Com o DPO, surgem duas questões importantes: não há profissionais formados no mercado; e a Agência Nacional de Proteção de Dados – autarquia criada para implantar a LGPD – está avaliando até que ponto empresas de pequeno porte precisarão ter um DPO.
O cerne da questão, segundo o especialista, não é a necessidade de ter um DPO dedicado ou não à drogaria. O importante é o dono de farmácia entender que, assim como a drogaria é obrigada a cuidar, todos os dias, do estoque de produtos, do fluxo de caixa e do layout da loja, agora ela também vai ter que se preocupar com os dados do consumidor.
Outros exemplos ilustram a relevância da questão: se o dono da farmácia não registrar um funcionário, deixando de pagar os tributos corretamente, cria-se o que se chama de passivo trabalhista. Se a drogaria não tiver um bom contador e deixar de pagar os tributos em dia, gera-se um passivo tributário. Da mesma forma, se a farmácia não cuidar dos dados do consumidor acertadamente, vai criar um passivo de dados.

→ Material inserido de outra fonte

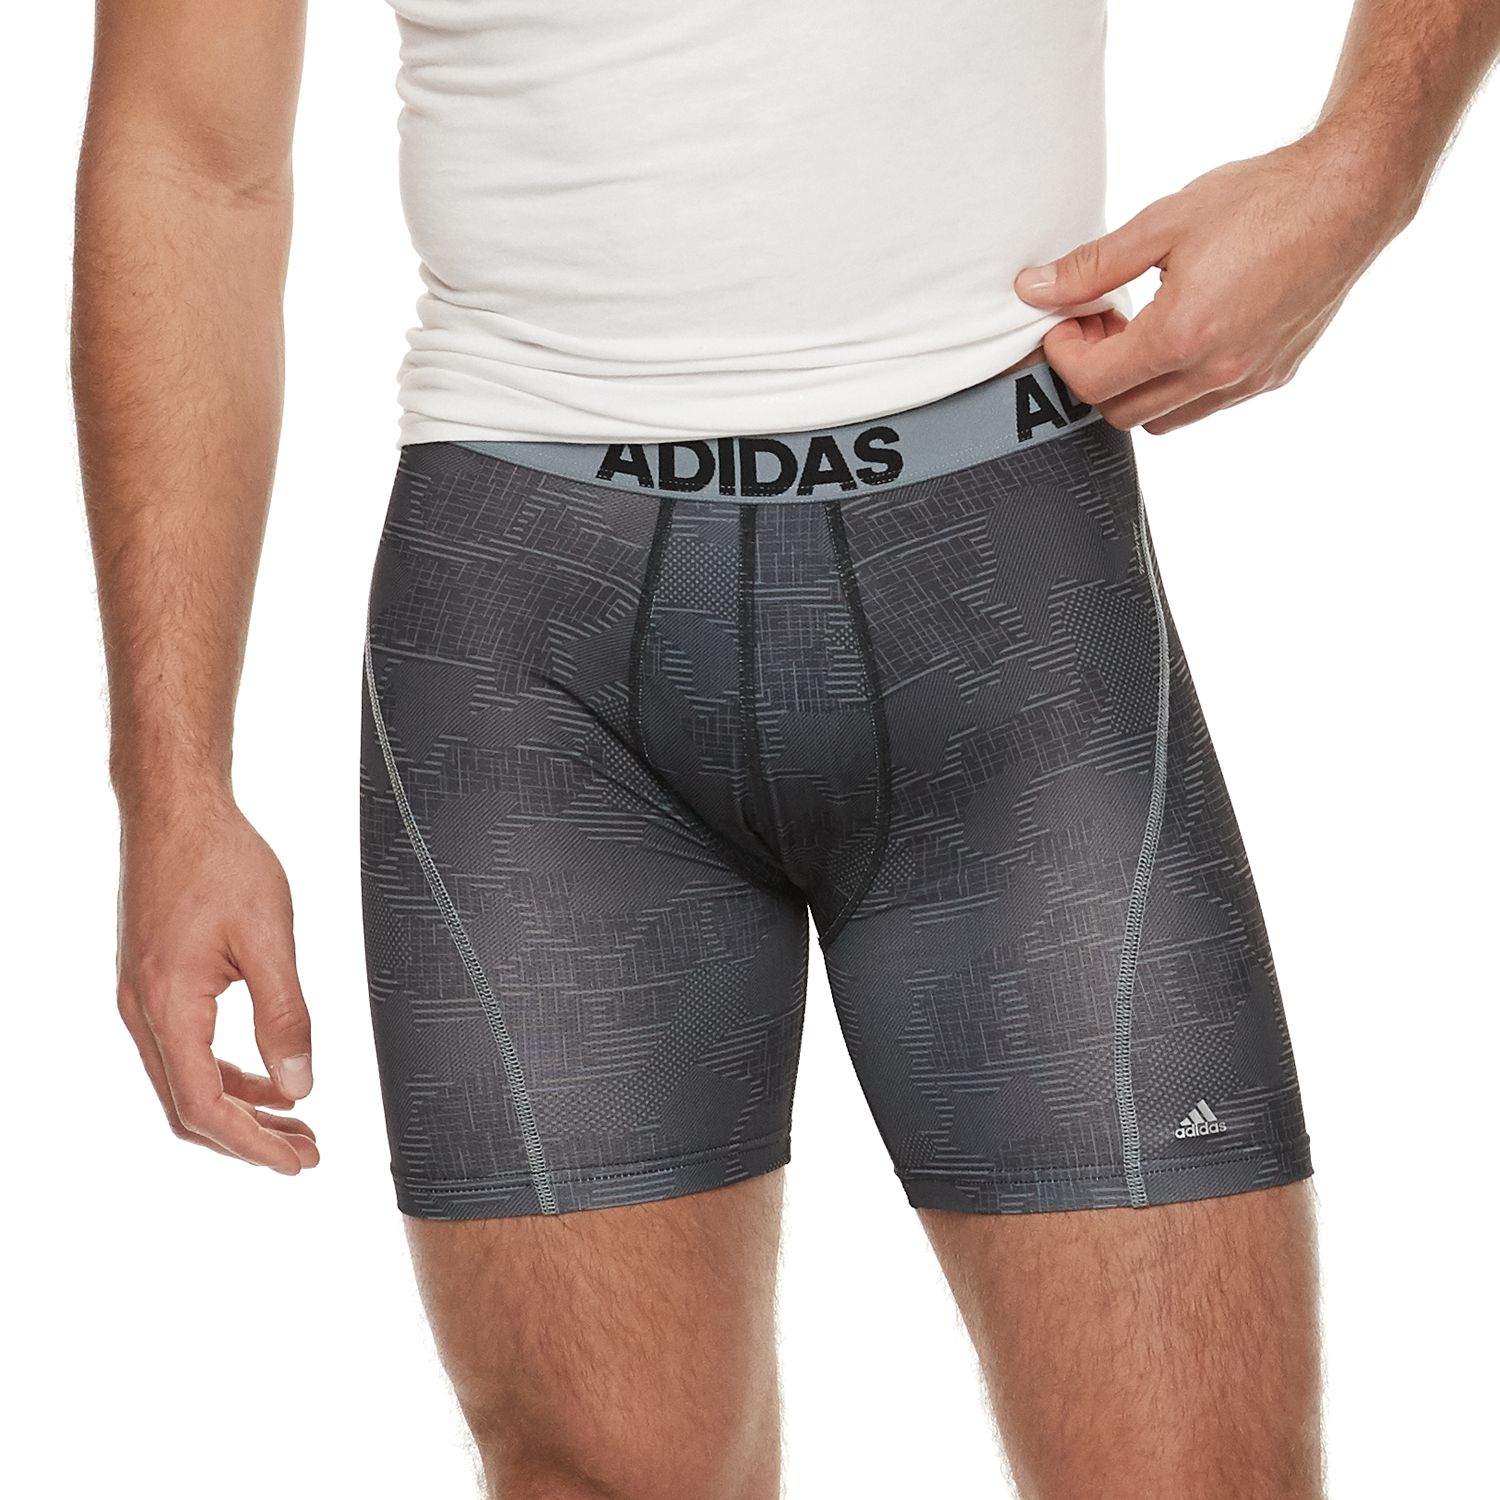 adidas men's climacool 7 midway briefs underwear

É importante lembrar que a proteção de dados não é uma ação pontual, mas uma jornada com começo e meio, sem fim. Isso porque enquanto a empresa perdurar e existirem consumidores e dados, ela vai precisar cuidar da questão. “É tratar um pouco todo dia, fechando uma janela ou uma torneira por onde possam vazar dados”, diz Marcelo.

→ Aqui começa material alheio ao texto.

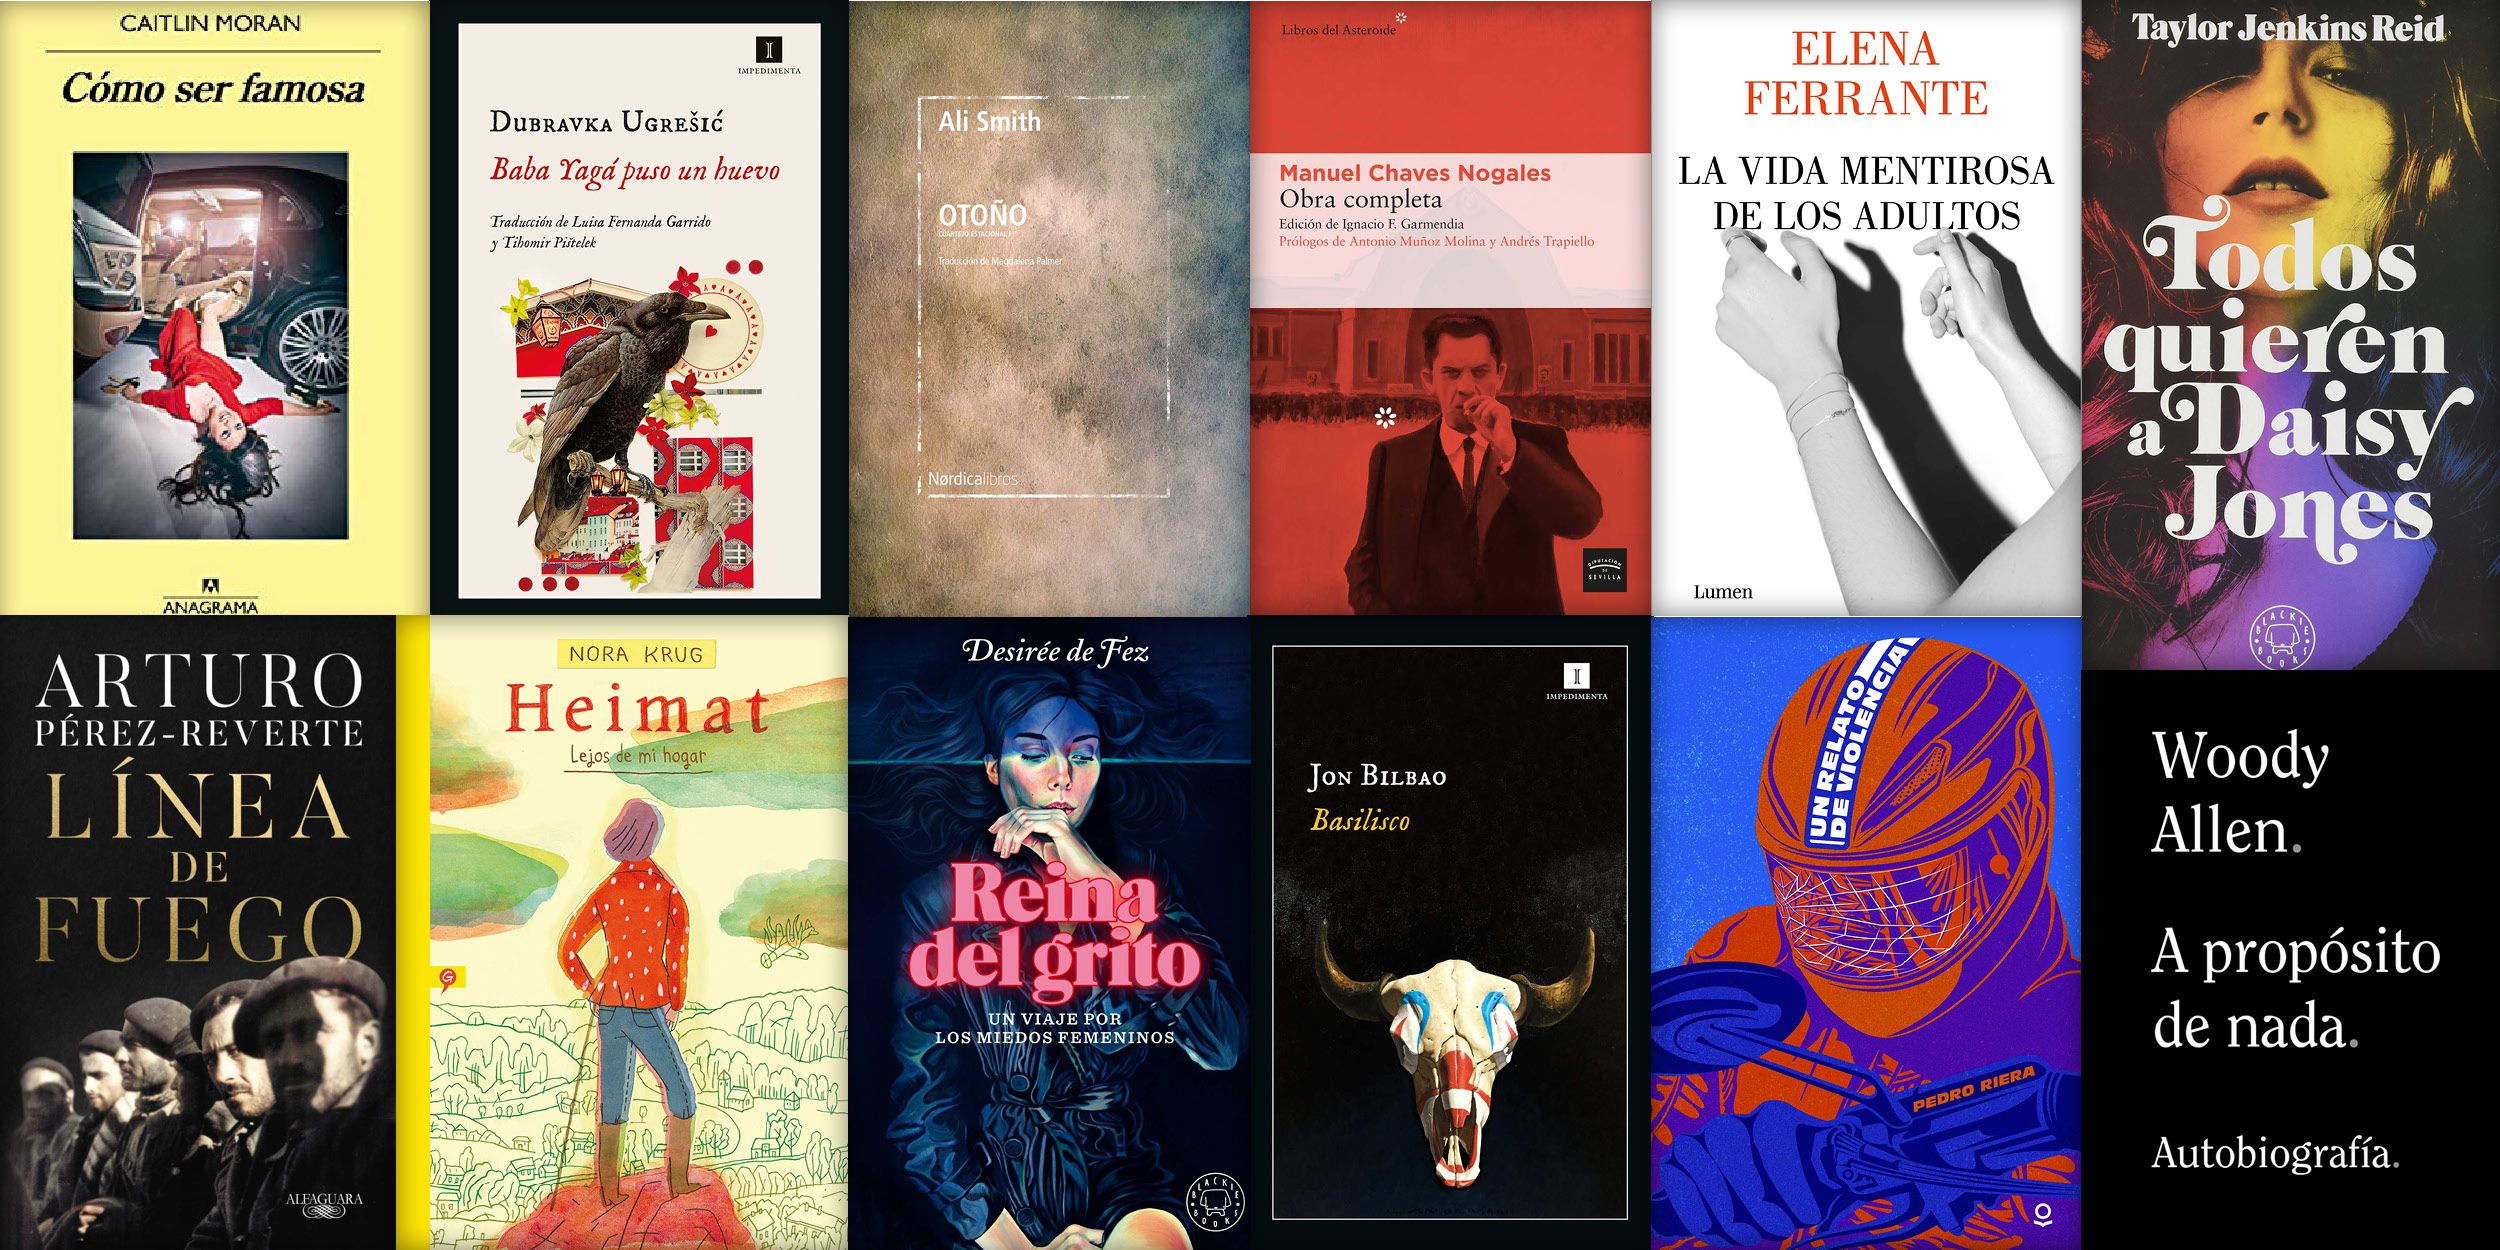 Estos son los libros recomendados esta semana por los críticos literarios

Alternativa para pequeno empresário é terceirizar a segurança dos dados
Para o especialista em fidelização, a Agência Nacional de Proteção de Dados vai eliminar a obrigatoriedade de pequenas empresas terem um DPO. Marcelo acredita que, assim como os donos de farmácia, muitas vezes, não tem um contador na empresa e contratam um escritório contábil como prestador do serviço, as pequenas empresas vão contratar uma assessoria ou consultoria de proteção de dados.
“Já existem várias empresas atualmente que são especializadas em segurança da informação, muito provavelmente essas empresas vão ampliar sua oferta de serviços incluindo também o DPO”, afirma.